The New York City trip data: http://www.nyc.gov/html/tlc/html/about/trip_record_data.shtml


##================================================================================
##== convert.R
# Convert .csv file to .feather file

library(feather) 

args<-commandArgs(T)
if (length(args)<2) {
    stop("ERROR: insufficient number of arguments") 
}
infile=args[1]
outfile=args[2]
df<-read.table(infile,header=TRUE,sep=",",quote="",stringsAsFactors=F, na.strings = "")
write_feather(df, outfile)

##================================================================================
##== process_feather.R
# read .feather file and sum up the tips

library(feather) 

args<-commandArgs(T)
if (length(args)<1) {
    stop("ERROR: no datafilename given") 
}

filename=args[1]
basename=sub('^.*/','',filename)
dur1 <- system.time({ df <- read_feather(filename) })
dur2 <- system.time({ sum_tips<-sum(df$tip_amount) })
cat( sprintf("r_feather,%d,%f,%f,%f,%s\n" , 
        nrow(df),dur1['user.self'], dur2['user.self'], sum_tips,basename))
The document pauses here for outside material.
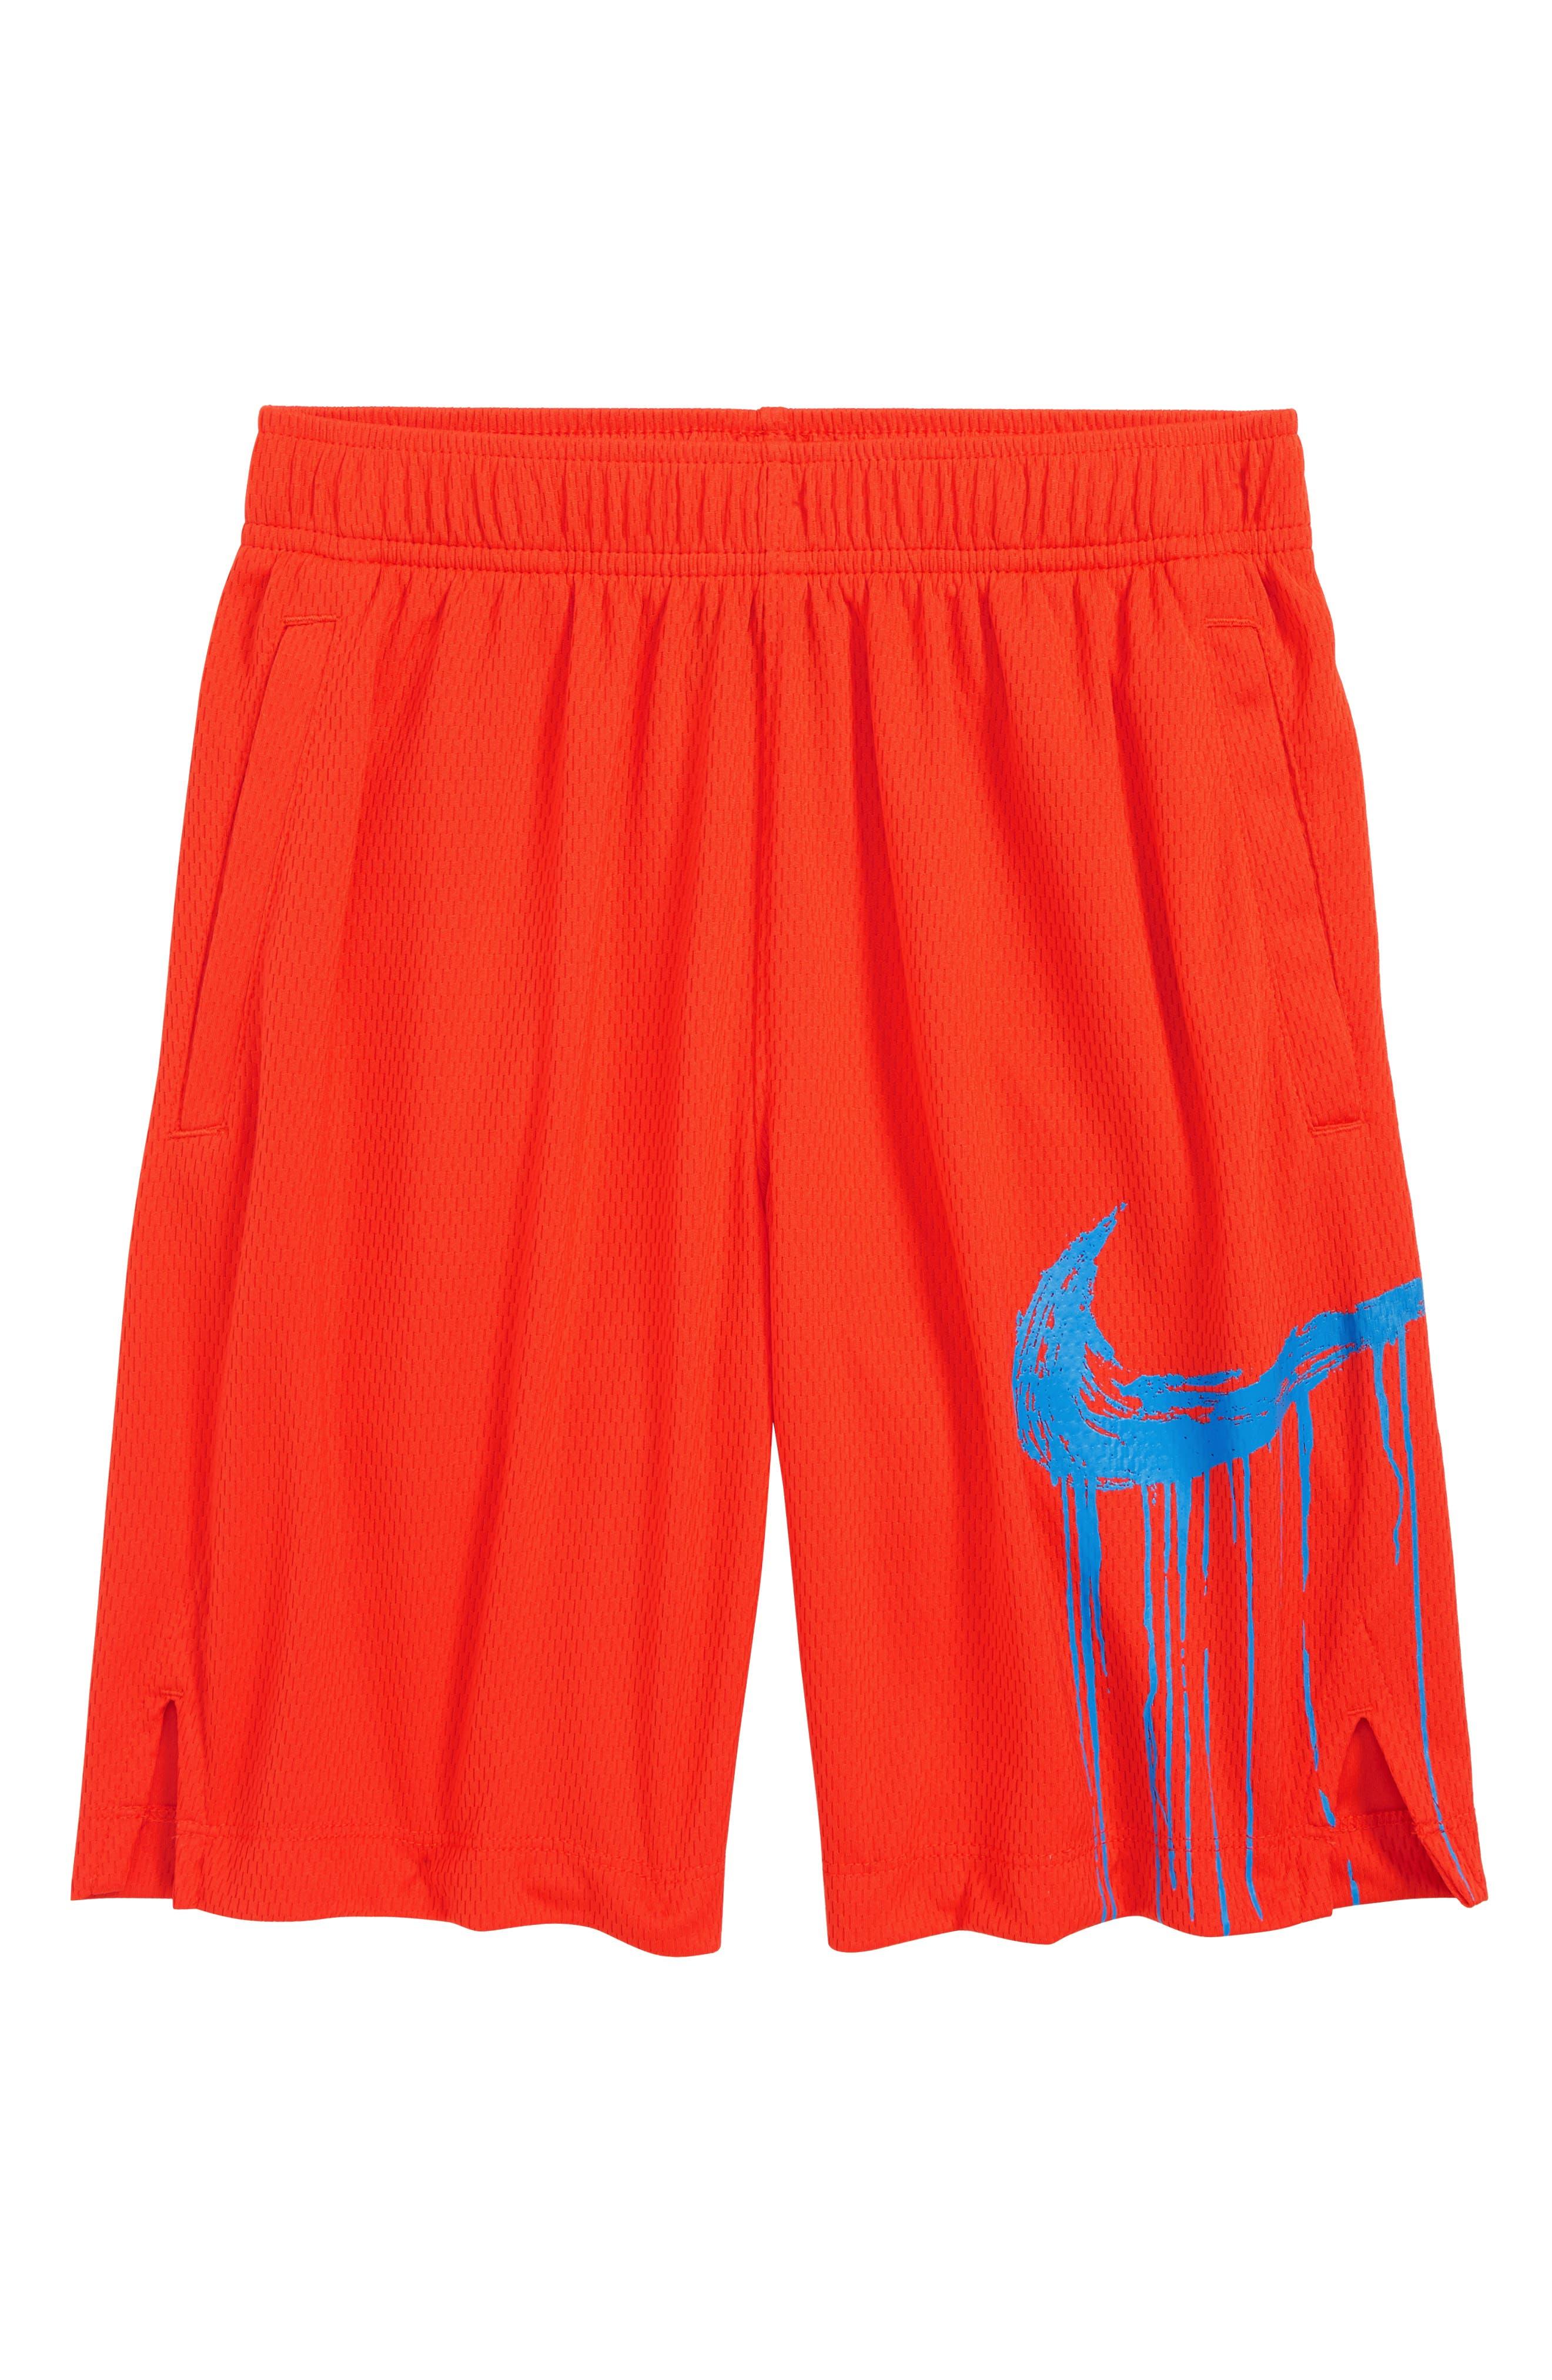 Boys Nike Dry Gfx Shorts Size XL (16)  Red

##================================================================================
##== process_feather.py 
# read .feather file and sum up the tips

import pandas as pd
import feather,time,sys,re

# cmd line args
if len(sys.argv)<2:
  print "ERROR: no datafilename given"
  sys.exit(2)

filename=sys.argv[1]
basename=re.sub('^.*/','',filename)
start=time.time() ; df=feather.read_dataframe(filename) ; dur1=time.time()-start
start=time.time() ; sum_tips=df.tip_amount.sum() ; dur2=time.time()-start

print "py_feather,%d,%f,%f,%f,%s" % ( len(df),dur1, dur2, sum_tips,basename)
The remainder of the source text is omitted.